The weather, on the 1st of May, had set in with great heats, and the 14th and 20th were intolerably oppressive, augmenting, as it would seem, the violence of the contagion; for the deaths and new cases of infection continued to increase. In Sayda, likewise, the deaths now amounted to ten a day. On the 21st, Giovanni’s indisposition having turned out to be nothing but a bilious fever, and having yielded to the remedies I had given him, I took him back again to my cottage, to his and my own great satisfaction.

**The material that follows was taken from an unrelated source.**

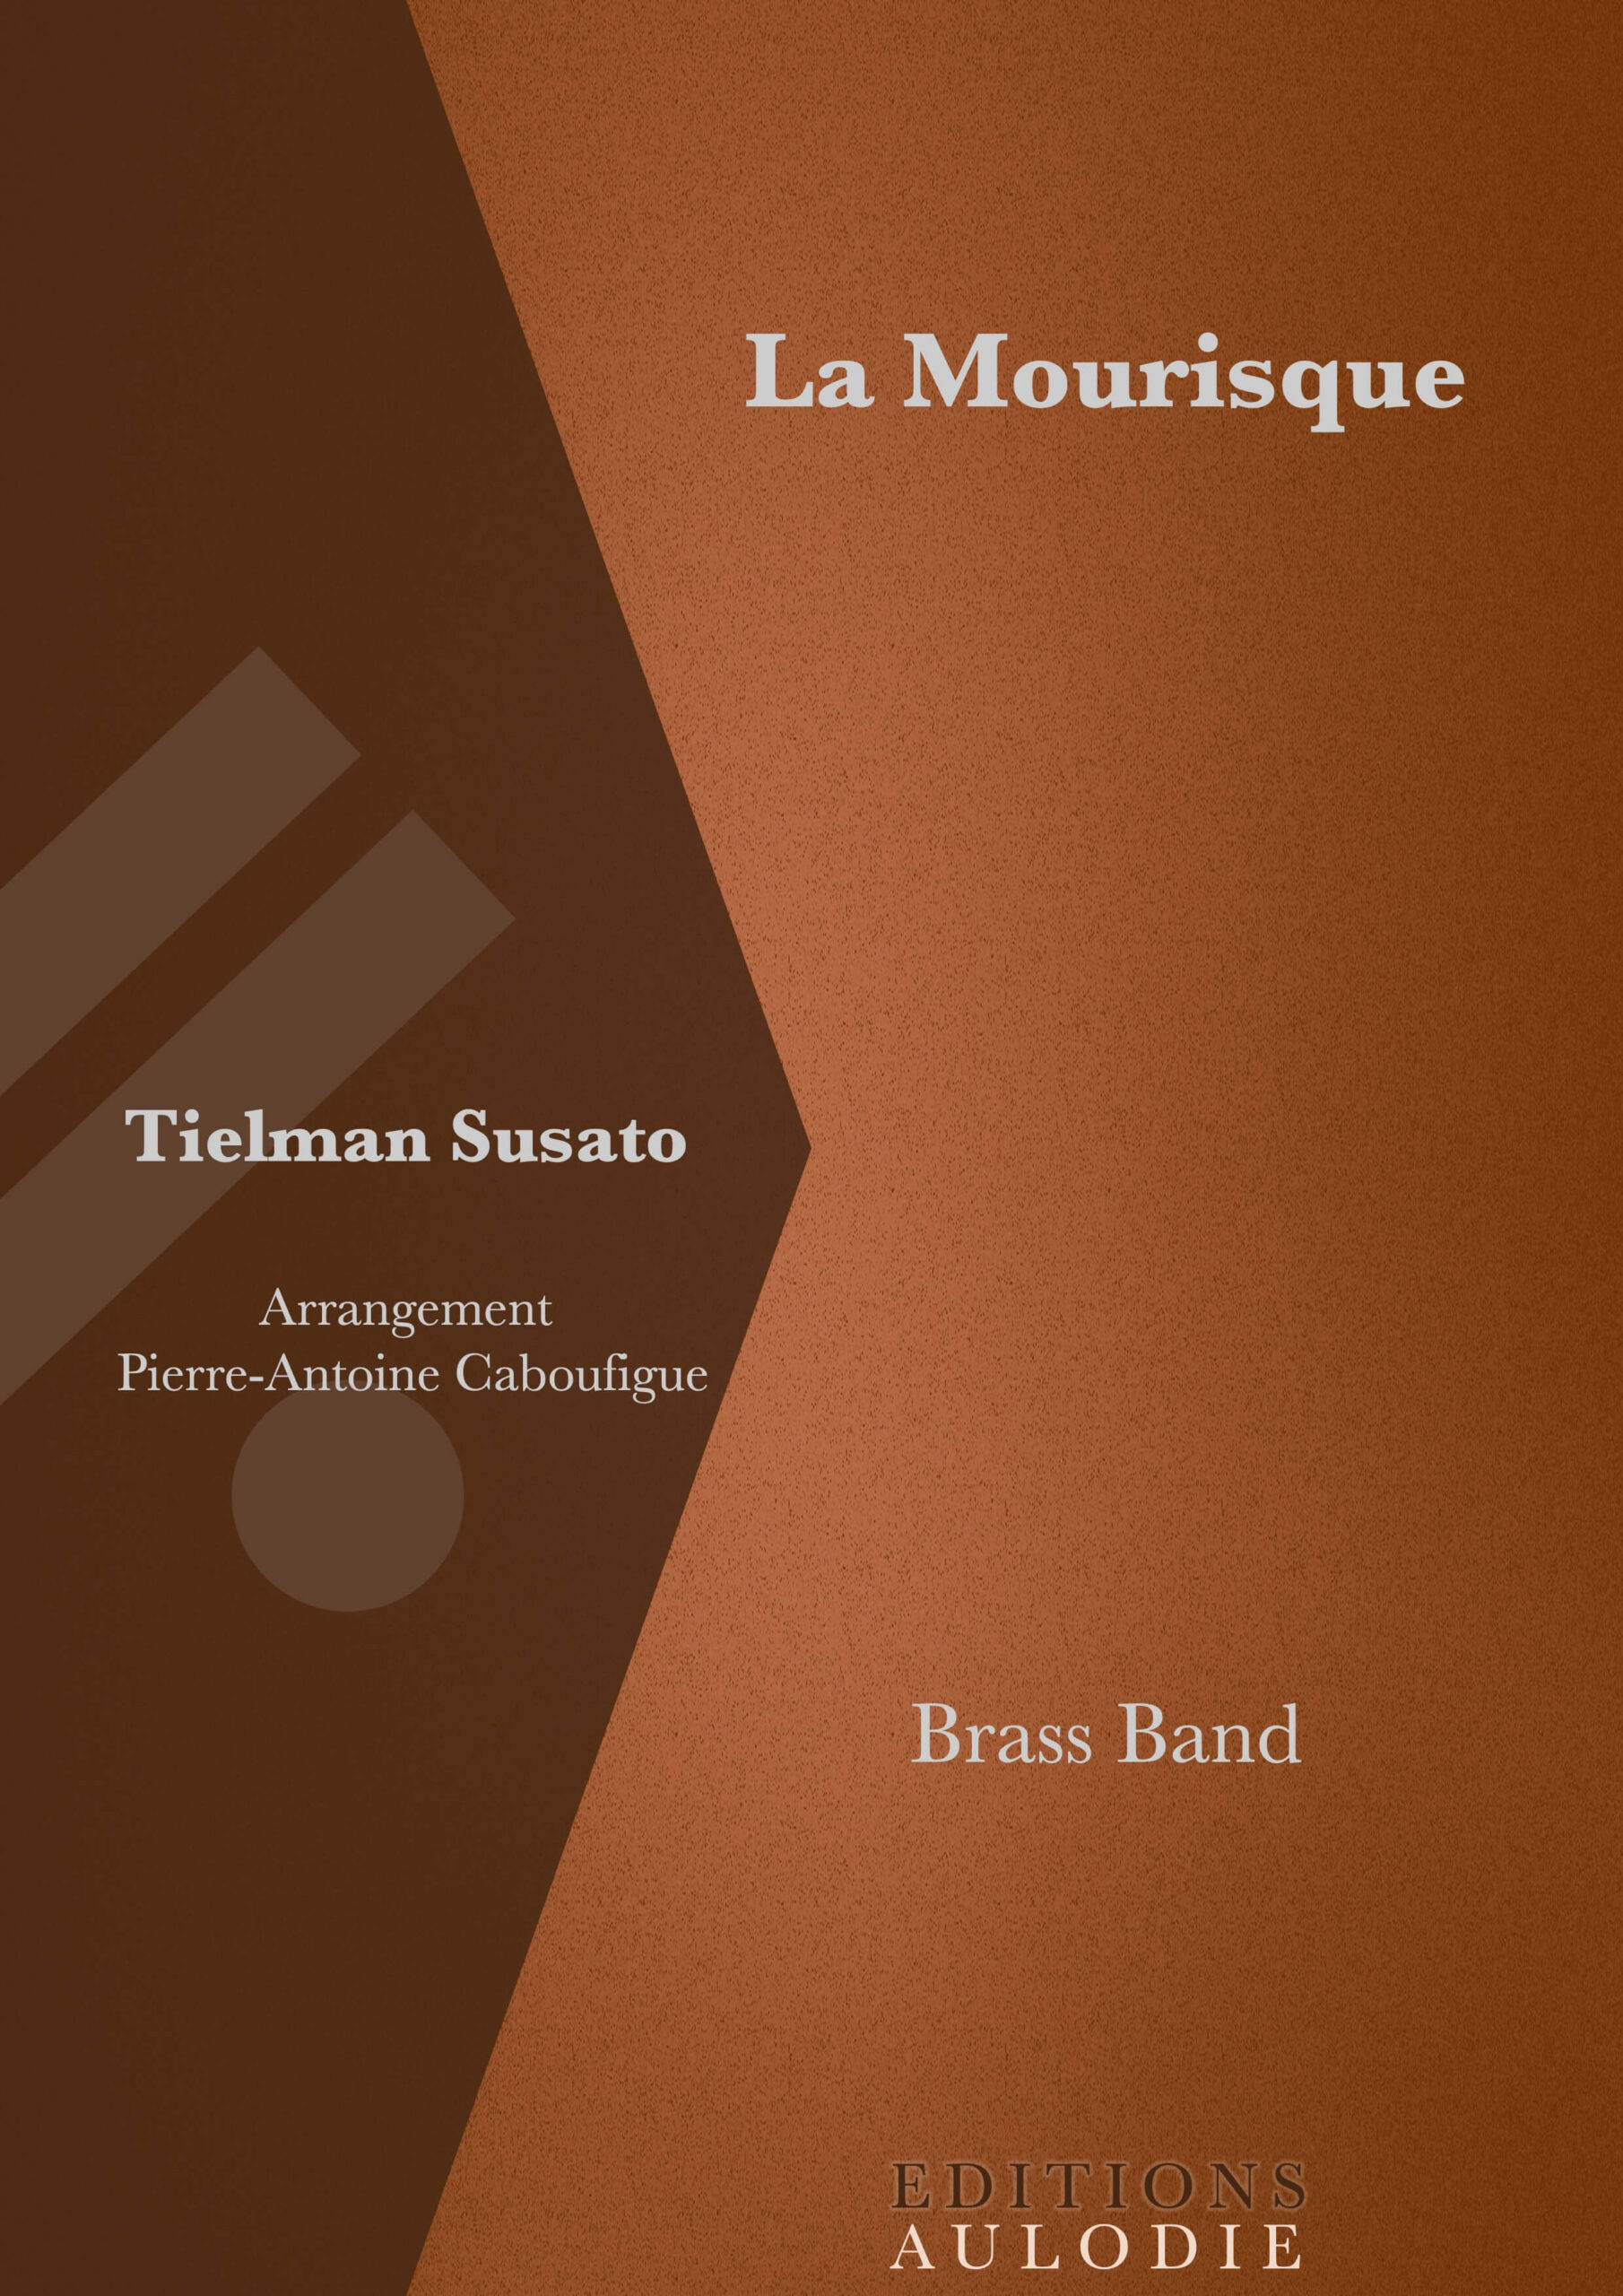 EA01034-La_Mourisque-Tielman_Susato-Brass_Band

The difficulty of finding persons to bury the dead was greater than ever. The same men, who before had risked their lives for three piasters a head, now obtained nine, and a chicken besides, for burying an interesting young girl, named Berjût, the daughter of a peasant, whose beauty was of no common cast. Those of Constantine’s family who continued to die were buried in holes close to the cave where they had lived, and became a prey to the jackalls.
On the 17th, a villager named Shahûd buried his own son. He was a poor peasant, whose only means of maintenance were derived from an ass, which he hired out to carry persons and burdens. Poor as he was, he loved his boy beyond measure. The body of Constantine had been thrown into a charnel pit, which was the common receptacle of the dead, where corpses were heaped one on another; the entrance being merely blocked up with a large stone and mud cement. When Shahûd reopened it, to place his child there, the sight of the corpse of the man whose imprudence had first brought the malady into the village so enraged him, that he endeavoured to drag it out, that he might vent his rage upon it, by leaving it to the jackalls: but it was too corrupt; and the limb by which he seized it separated (as he told me) from the trunk, and remained in his hand.